### Data segment
******
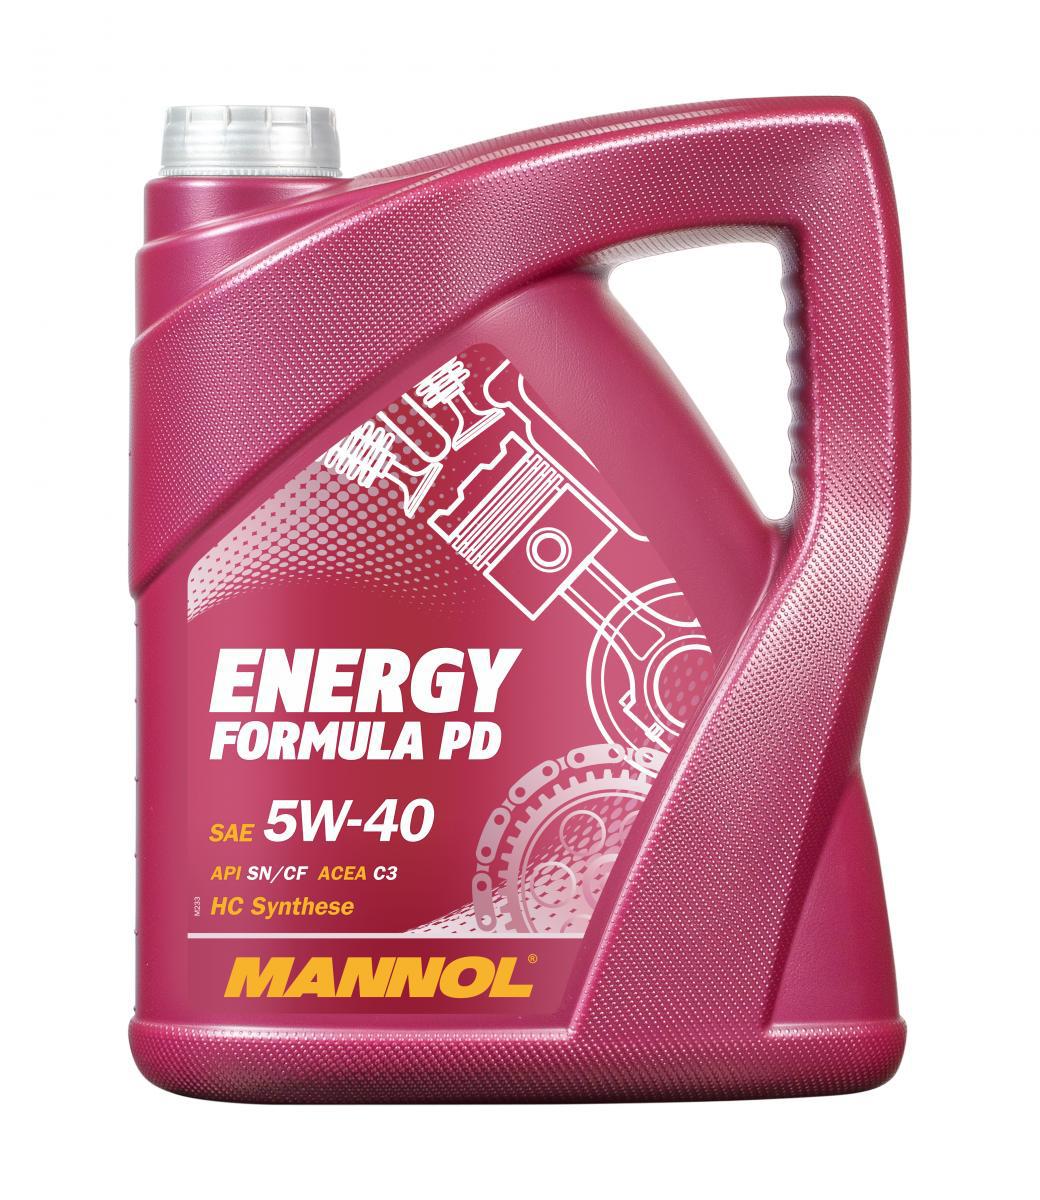 Energy Formula PD 5W-40
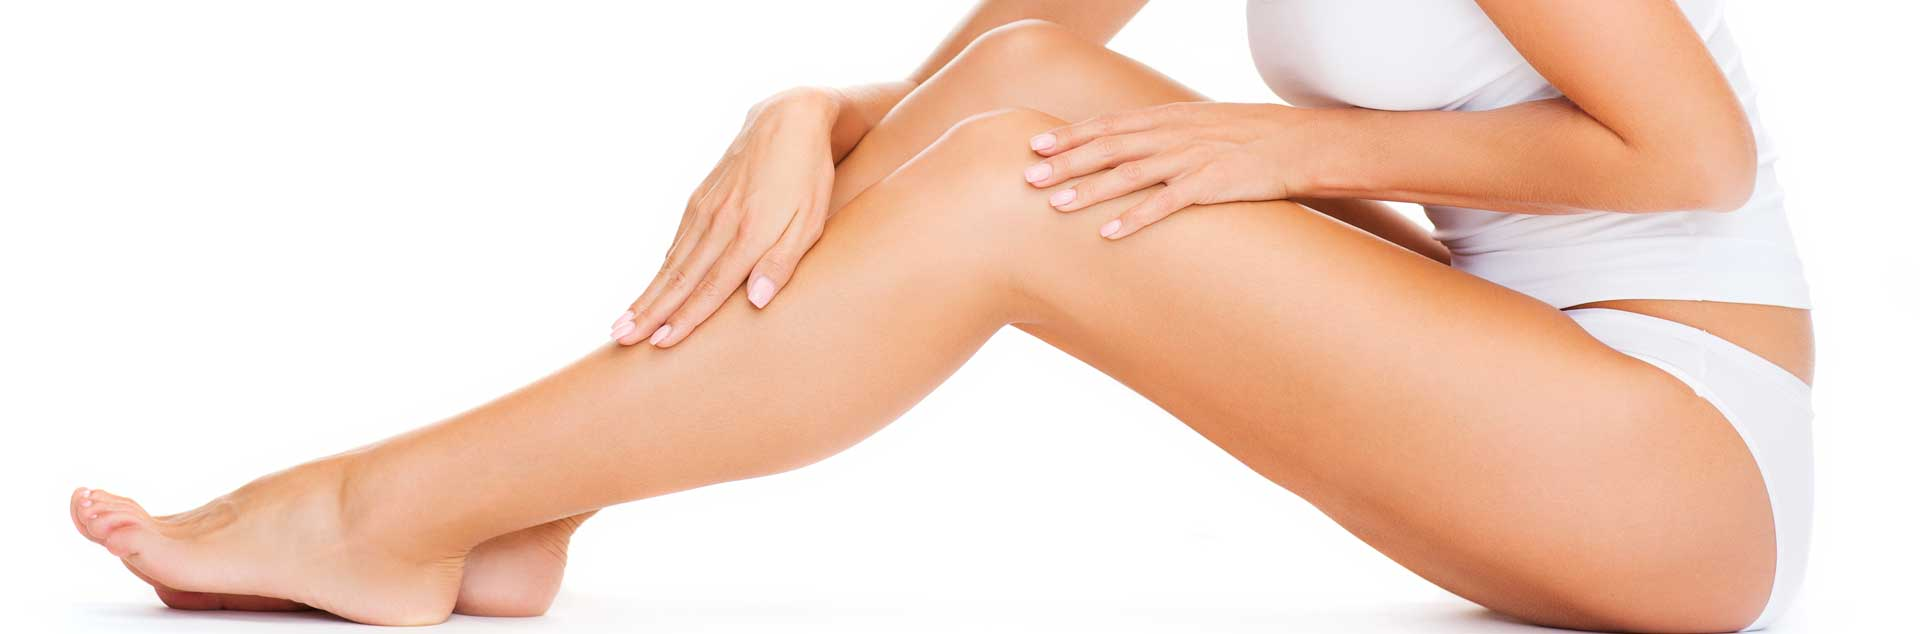 Cellulite Behandlung Dr. Arco
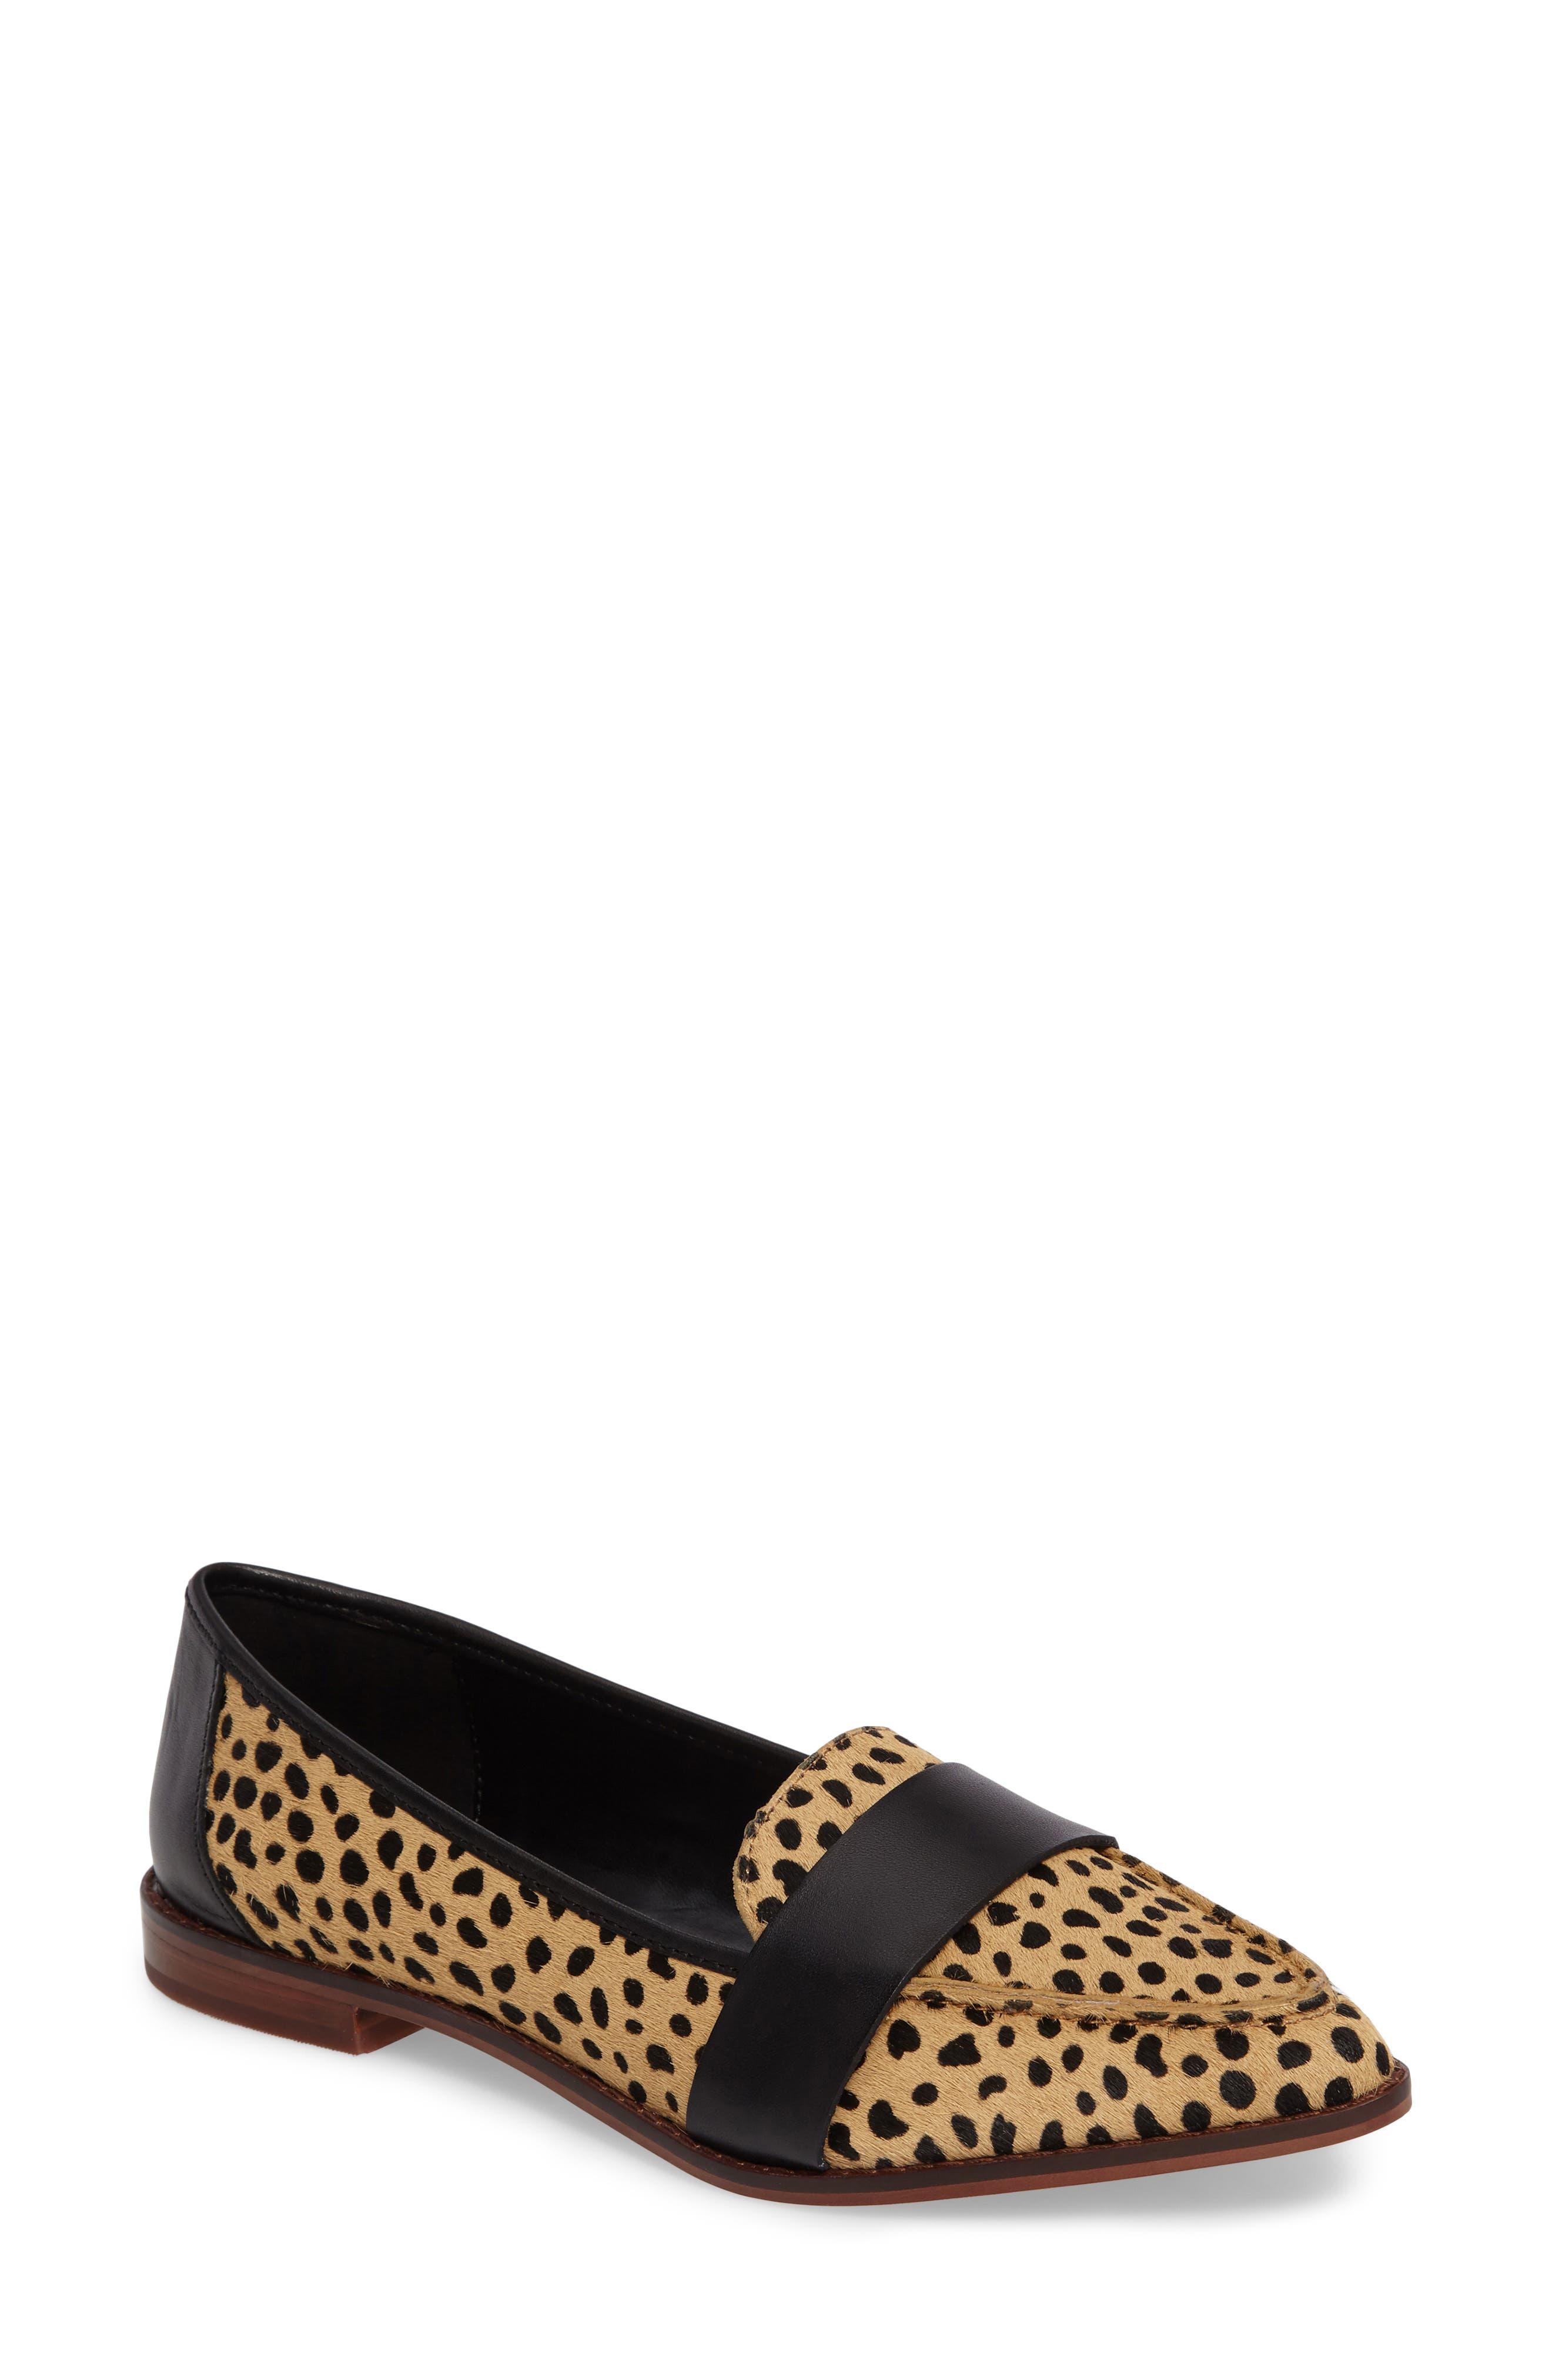 Edie Pointy Toe Loafer,                             Main thumbnail 1, color,                             Cheetah Calfhair
******
Every line from the one bearing "Cellulite Behandlung Dr. Arco" through the end of the data above must be output exactly, and no picture may appear.

### Written response
 Cellulite Behandlung Dr. Arco
 Edie Pointy Toe Loafer,                             Main thumbnail 1, color,                             Cheetah Calfhair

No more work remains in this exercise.